Ventilation was performed using a Neopuff Infant Resuscitator (Fisher & Paykel Healthcare, Auckland, New Zealand), a pressure limited T-piece device. Initial settings were a gas flow of 8 L/min, peak inflating pressure of 30 cmH2O and positive end expiratory pressure of 5 cmH2O. A size 0/1 Laerdal round facemask was used (Laerdal Silicone facemask, Laerdal, Stavanger, Norway). A Laerdal Resusci Baby manikin was modified by inserting a 50 mL test lung (Dräger, Lubeck, Germany) to create a leak-free system, as previously described.13 A Florian respiratory monitor (Acutronic Medical Systems, Switzerland) measured airway flow and gas pressure using a dual hot wire anemometer flow sensor, placed between the facemask and T-piece. The monitor integrates the flow signal to calculate the Vt. Airway pressure was measured via a pressure line connected proximal to the test lung.13 Respiratory data were captured and recorded using Spectra software (Grove Medical, London, UK). Respiratory waves were analysed inflation by inflation by a single researcher (EOC) using Spectra and LabChart software (ADInstruments, Dunedin, New Zealand). Facemask leak was defined as the difference between inflating and deflating (‘expiratory’) Vt, expressed as a percentage of the inflating volume.13 For each individual participant a mean leak of all the inflations performed during the assessment period was calculated. Respiratory data during mask ventilation were measured twice, before training to obtain baseline data and immediately after the training period to measure outcome data.
Outcome measures
The primary outcome measure was mean facemask leak during participant mask ventilation, performed shortly after the ventilation training session. For half-day ‘first response’ courses this was at the completion of their training, for the full-day ‘advanced’ programme, this marked the halfway point. The post-training facemask leak was compared between the control and intervention groups. During all assessments, each participant performed facemask ventilation for 30 s, blinded to the RFM and without instruction. Secondary outcomes were expired Vt and stability of Vt (SD). Peak inflating pressure data were also collected. Facemask leak post-training was chosen as the primary outcome, as it is an objective and measurable training outcome that has frequently been reported in newborn resuscitation studies.8 9 11 Facemask leak is also directly attributable to the device used, as opposed to Vt, which is dependent on multiple factors such as lung compliance, respiratory disease and positive airway pressure administered.

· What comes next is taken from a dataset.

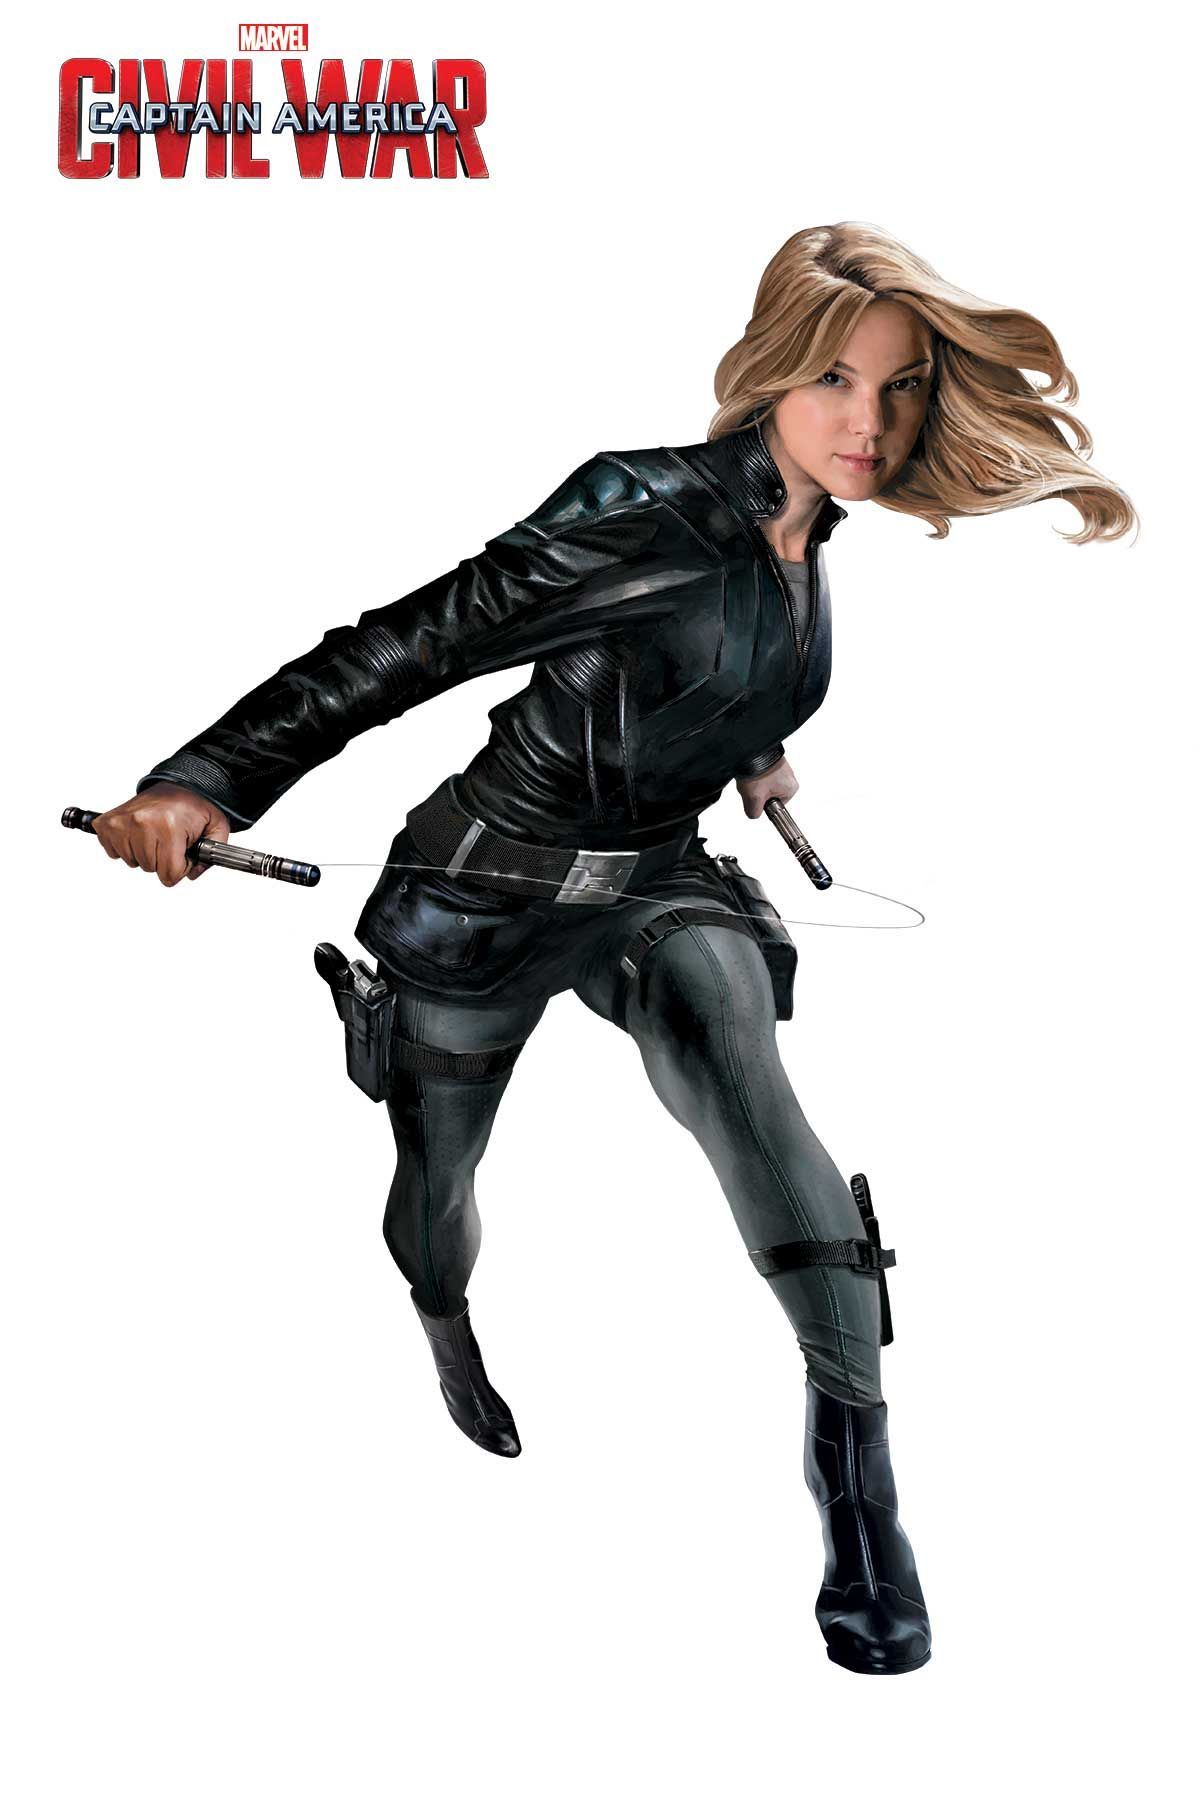 Agent 13 (Sharon Carter) Promo Art for Captain America Civil War

While Vt is an important secondary outcome in this study, it was not possible to select a meaningful range to target in a manikin model.
Statistical analysis
Facemask leak of 30%–54% has been reported in neonatal facemask ventilation studies in tertiary settings.6 8 9 As our participants were recruited from both tertiary and non-tertiary settings, we assumed a mean leak of 50% in the control group and an SD of 30%. To detect a clinically significant 10% absolute difference in post-training leak (50% vs 40%) between the intervention and control arms, a sample size of 382 (191 in each arm, with 90% power, two-tailed alpha error of 0.05) was required.
Continuous data are presented as mean (SD) for normally distributed variables and median (IQR) when the distribution is skewed. Continuous data from each participant were summarised as mean or median. Outcome variables were analysed by using the Student’s t-test for parametric comparison and Mann-Whitney U test for non-parametric comparison of continuous variables. Differences of means and 95% CIs were estimated using the Student’s t-test and differences of medians and 95% CIs were estimated using quantile regression analysis. Categorical data are expressed as number and percentages and were analysed using the Χ2 test. The Spearman correlation coefficient was used to estimate the relationship between leak and the operators’ years of experience. Data were analysed using Stata software (Intercooled V.14, StataCorp, College Station, Texas, USA).
Results
Participants were recruited from 12May 2016 to 10November 2017. Recruitment was stopped when the predefined sample size was achieved. Participants were recruited at 13 NeoResus courses. Four hundred and two participants were assessed for eligibility at 38 courses and were approached for consent to participate. Two refused consent. Four hundred were randomised and 388 were analysed, 194 in each group (figure 1). An intention-to-treat analysis was performed. Twelve postrandomisation exclusions occurred as there was a failure to record the primary outcome data at one course due to human error. Six of these exclusions were in each group. Participants consisted of 102 (31%) doctors, 182 (47%) midwives and 104 (27%) nurses/other professional/student. Demographic characteristics in both groups were similar (table 1). Participants worked in a wide variety of settings (primary, secondary and tertiary neonatal care) and locations throughout Australia (table 1).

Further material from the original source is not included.